By David Hill - 04/27/10 10:21 PM EDT
2010 seems likely to mark the end of abortion’s prominence as an influential issue in Republican primary elections. While GOP voters once dutifully lined up behind the most pro-life candidates, that just isn’t the case these days. I’m not saying that pro-life sentiment has waned. It hasn’t. The percentage of Republicans saying that abortion should be illegal in all or most instances is little changed over the past decade. But I do see fewer pro-life voters letting their views on abortion issues influence or control their candidate choices in primaries.
There is a long list of very plausible explanations for this shift, the most convincing being that the recession and economic issues have simply sucked all the oxygen out of the room, leaving little opportunity for abortion and other second-tier issues to breathe. I see evidence of this frequently in polls that reveal pro-life and Christian-right voters as some of the most passionate advocates for jobs as a top priority of government.
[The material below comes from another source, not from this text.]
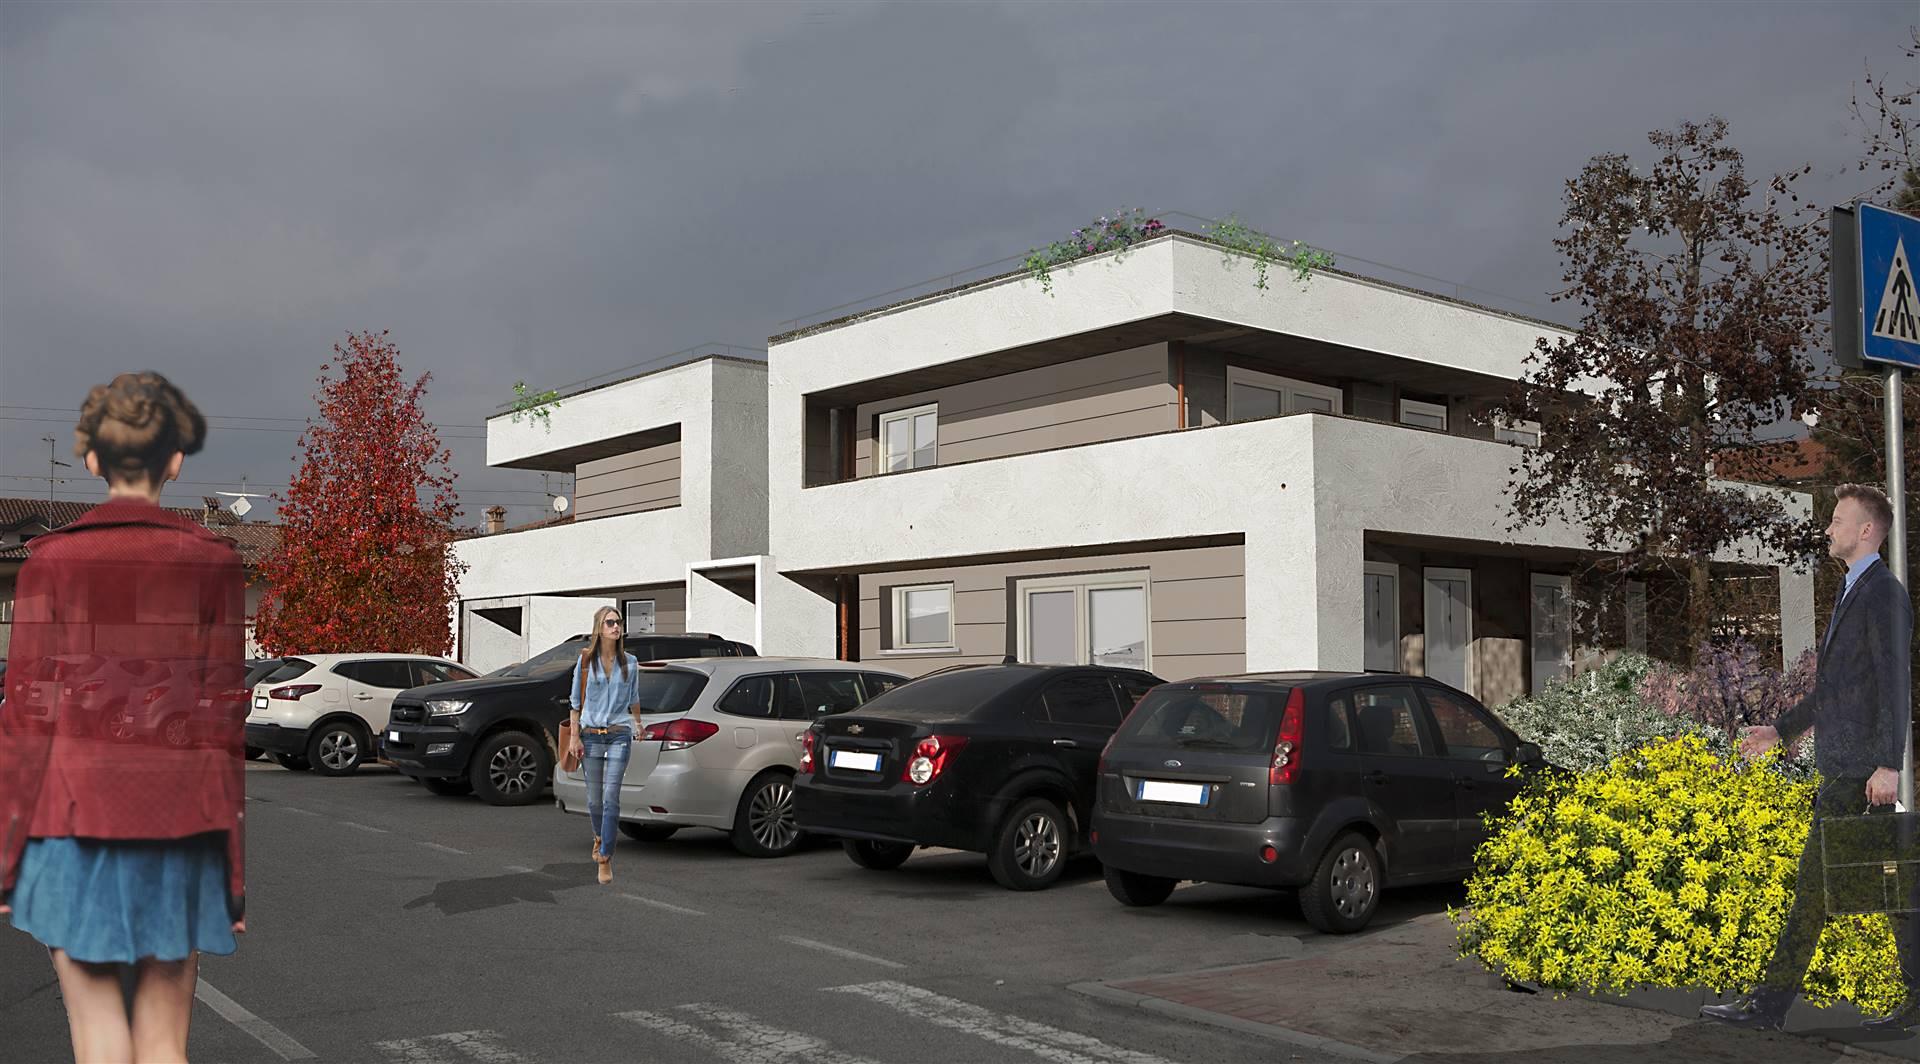 MILANO EST, TREZZANO ROSA, Dachwohnung zu verkaufen von 170 Qm, Neubau, Heizung Bodenheizung, Energie-klasse: A1, am boden 1° auf 1, zusammengestellt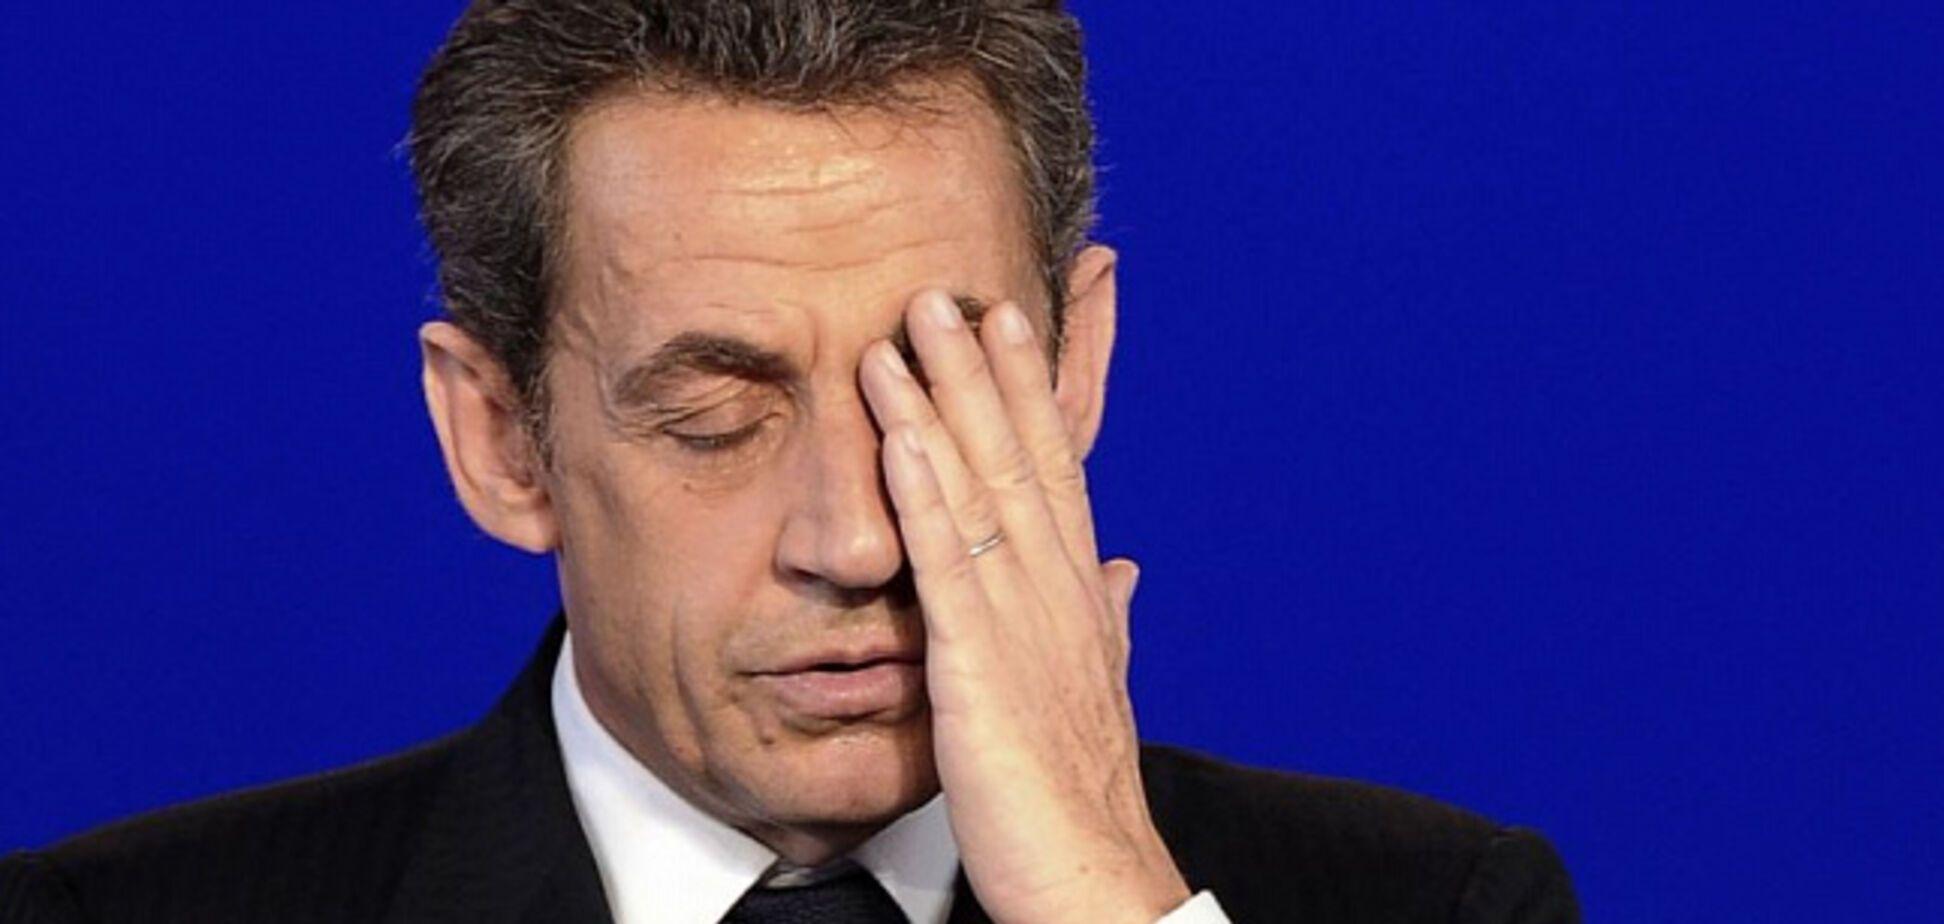 Задержание Николя Саркози: перед законом все равны

I think it’s also worth contemplating the impact of the Catholic Church’s imbroglio over pedophile priests. A year ago, it looked to me like the church was turning up the heat on the abortion issue, offering a fresh new source of energy for a waning movement. But that now seems like a false start that won’t have a chance to run its course because of other controversies that demand clerical attention and that underline moral leadership on this issue.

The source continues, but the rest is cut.